Adriana Carranca*
AMERICANOS EM NOVA YORK - ESTADOS UNIDOS
A qualidade de vida nos Estados Unidos é melhor do que em Ruanda sob
qualquer índice econômico e social.
Mas os americanos são menos felizes que os ruandeses!
A
primeira impressão foi de estranheza, embora com alguma simpatia. Eu
havia pedido um café e recebera de volta um líquido insosso e pardo que
mal cheirava à bebida, com aroma predominante de canela. Hesitei em
receber o copo de isopor cheio, mas o vendedor tinha as mãos estendidas em minha direção, os olhos vidrados nos meus e um sorriso congelado no rosto.

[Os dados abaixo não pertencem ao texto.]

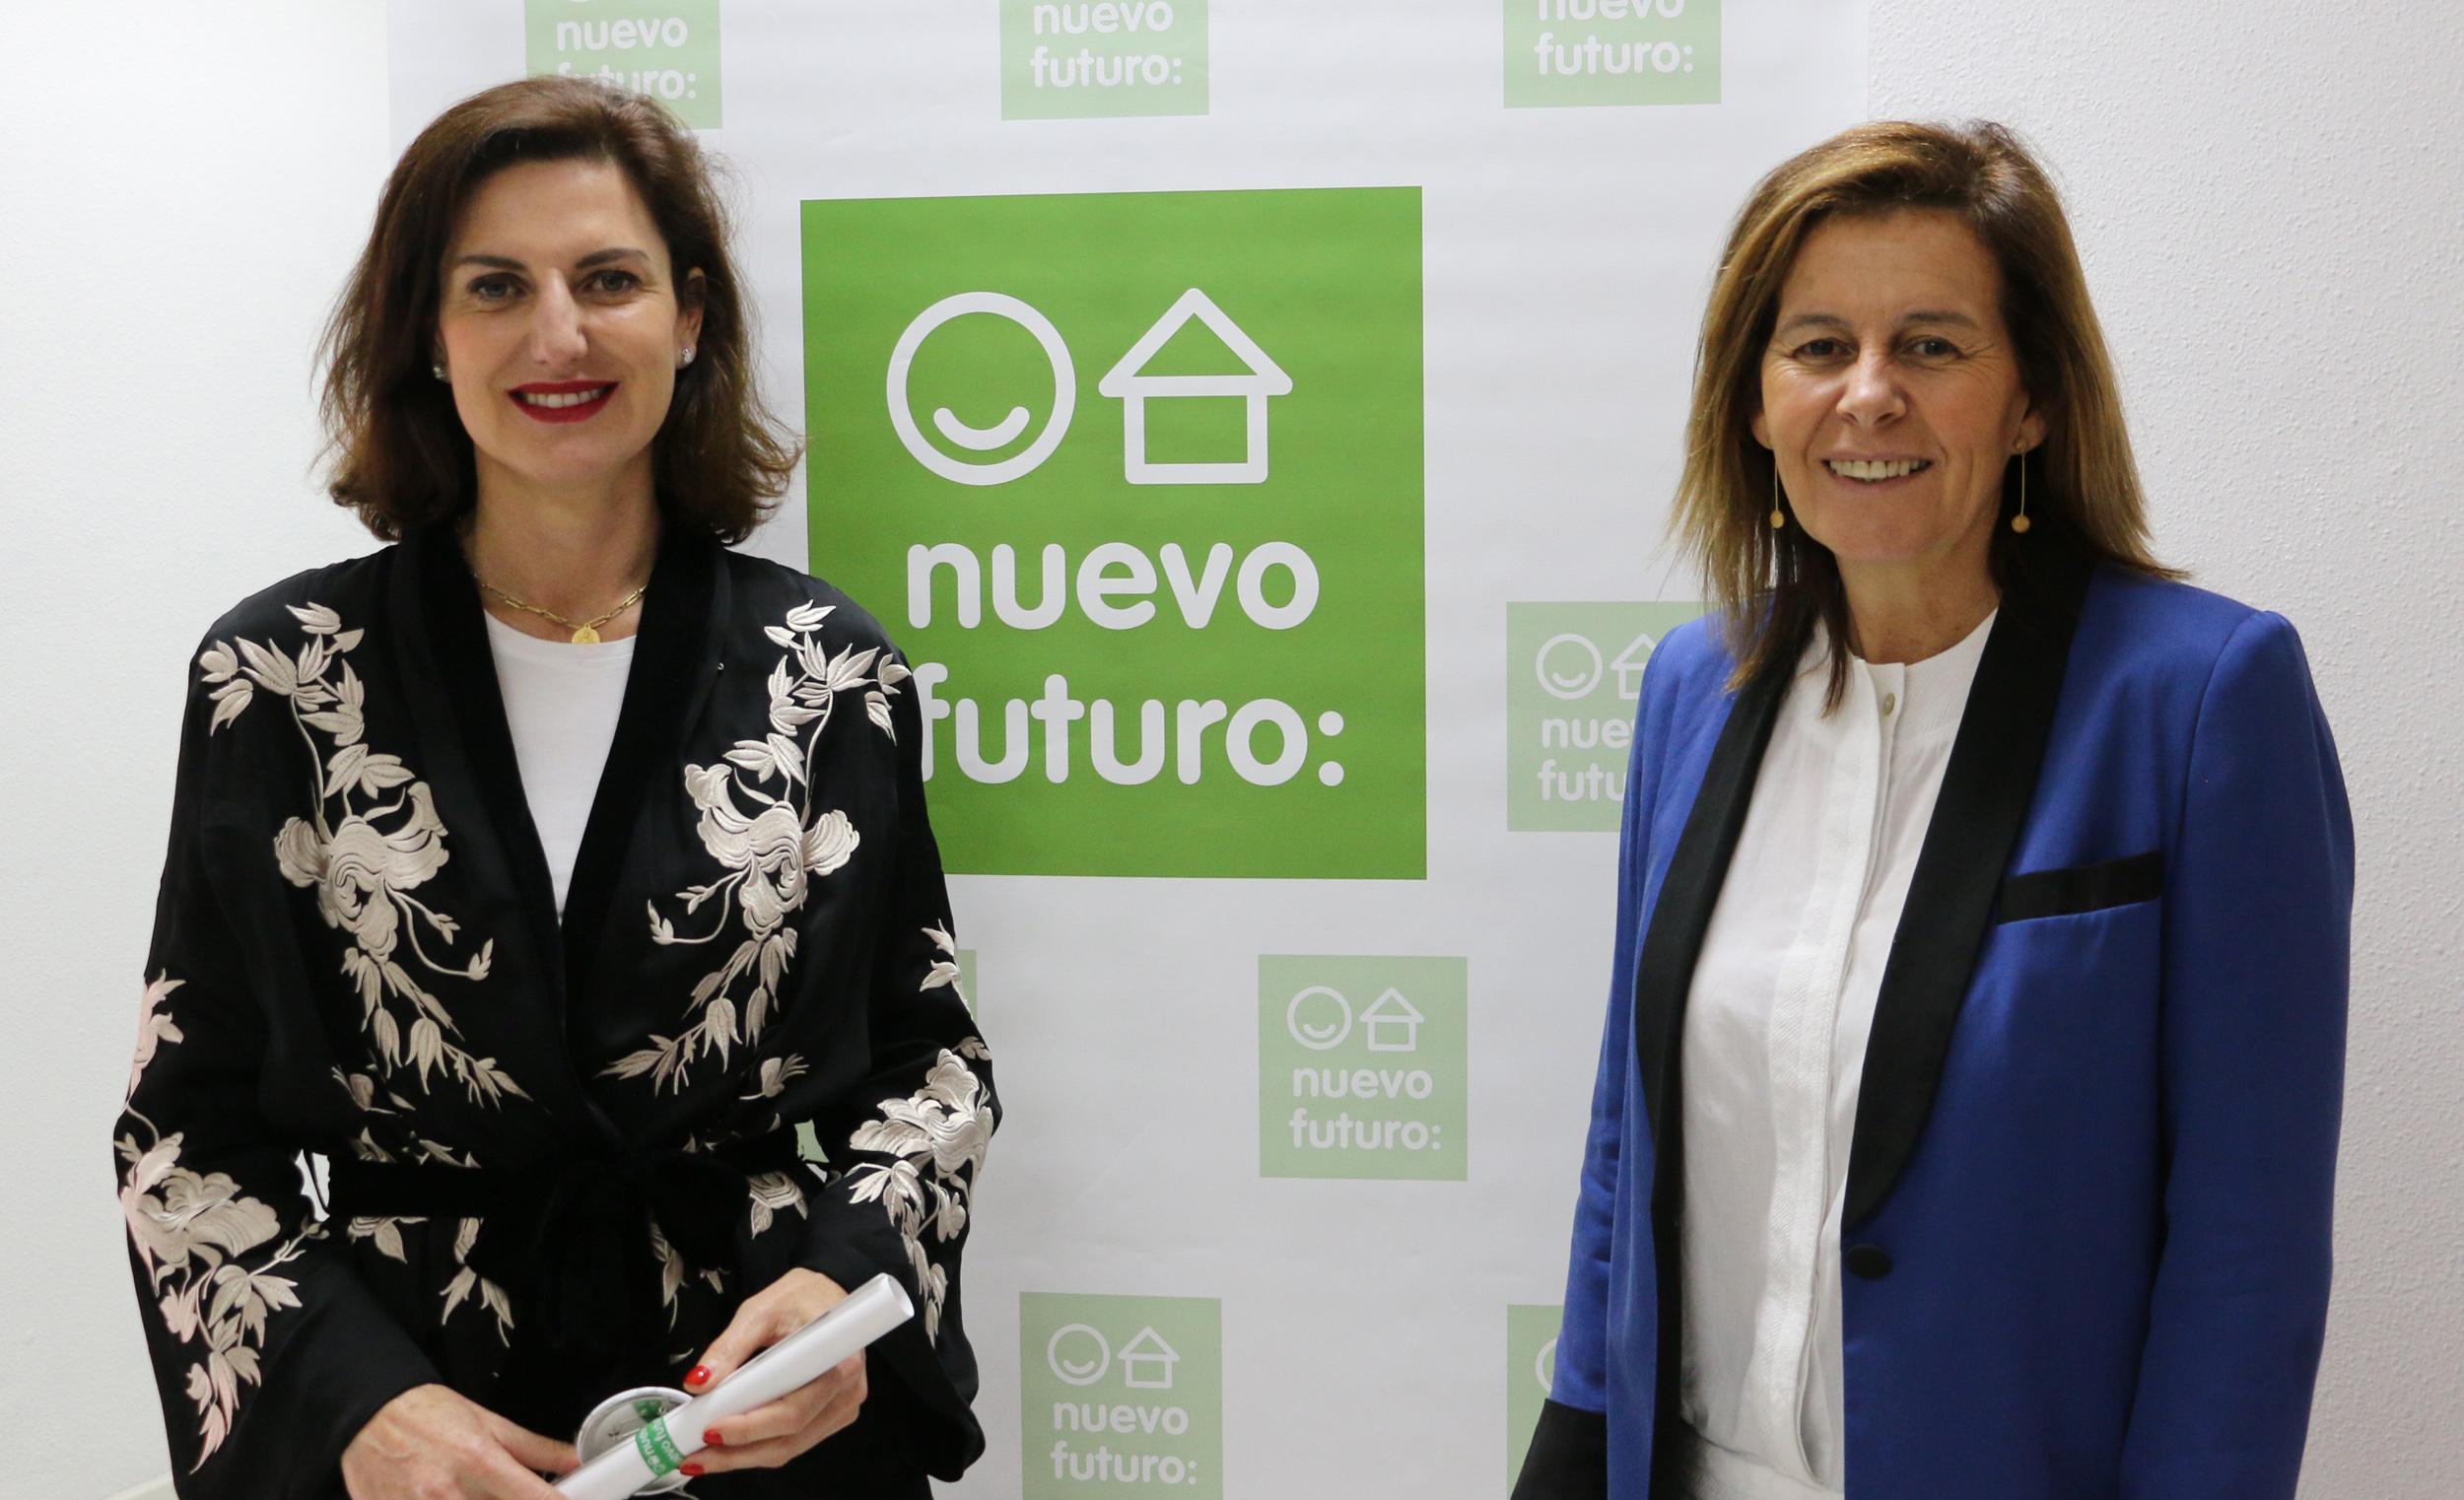 La artista y pintora Cristina Ybarra realizará el cartel del Rastrillo de Nuevo Futuro de 2019
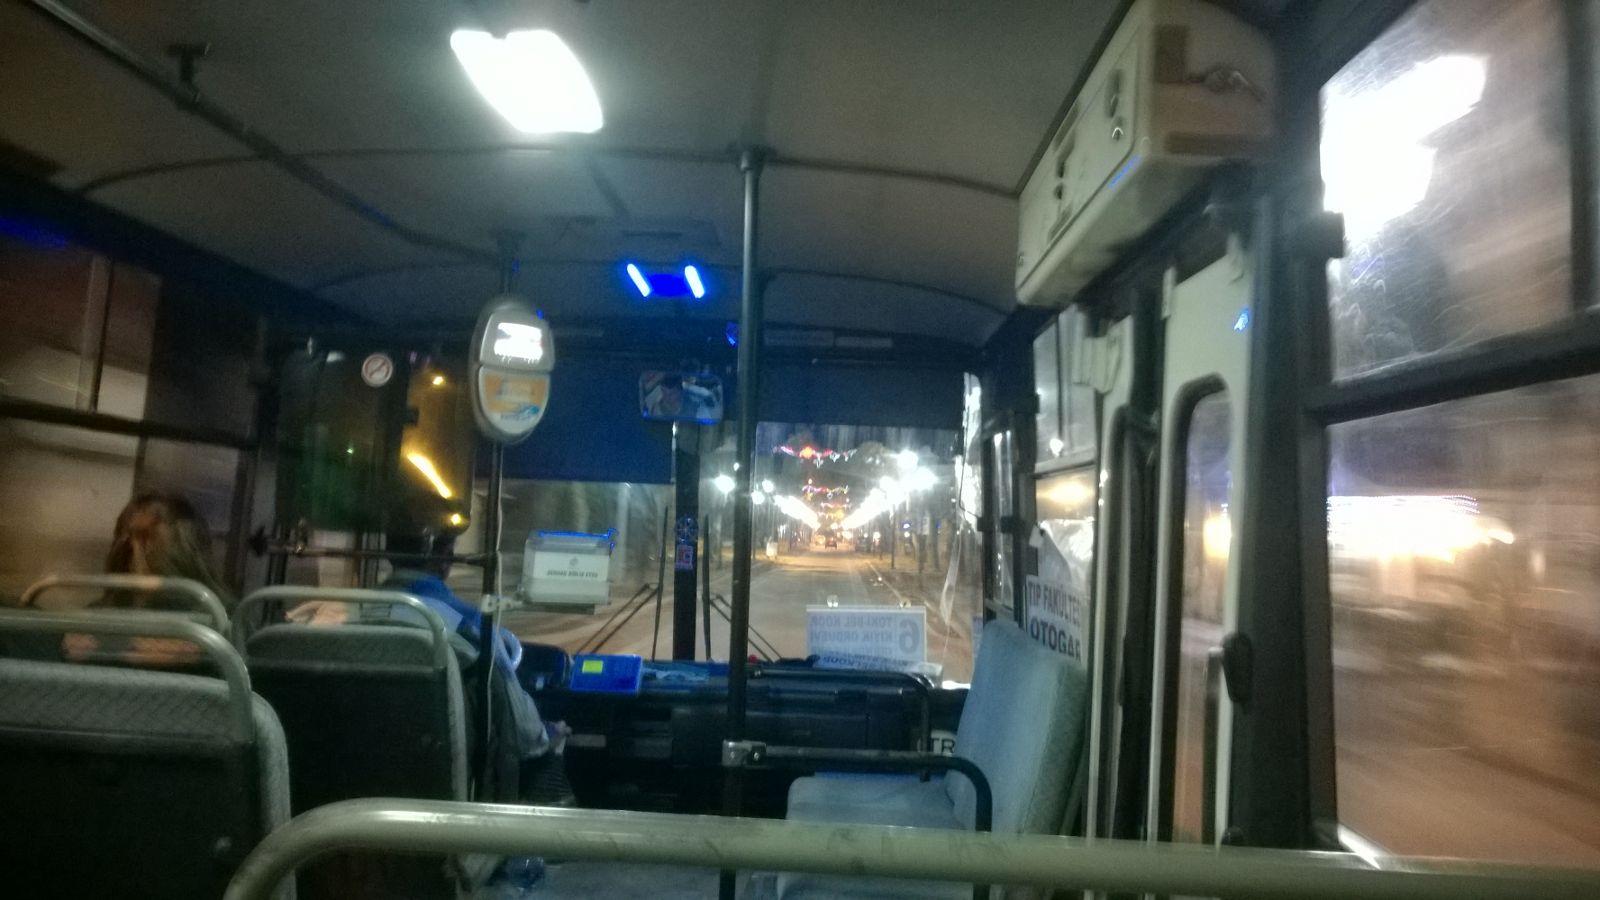 ... während der Minibusfahrt für 2,5 Türkische Lira (weniger als 1€)

Engoli a bebida quente forçando um semblante que indicasse aprovação, na tentativa de retribuir seu sorriso, mas mal dei o primeiro gole e ele já sorria para outro cliente. Era meu primeiro contato com a cultura americana, durante uma escala no Aeroporto de Miami.
Nos meses seguintes, eu seria recebida com um alegre e sonoro “Hi! How are you doing today?” [Como vai você hoje?] assim que colocava os pés em uma loja, farmácia, no caixa do supermercado. Ofereciam-me “happy meals”, batatas fritas no formato de um sorriso, descontos em “happy hours”. “Have a happy day”, eu ouvia ao sair. Ao voltar os olhos em direção à voz, encontrava fatalmente o mesmo olhar e o sorriso congelado do rapaz da lanchonete.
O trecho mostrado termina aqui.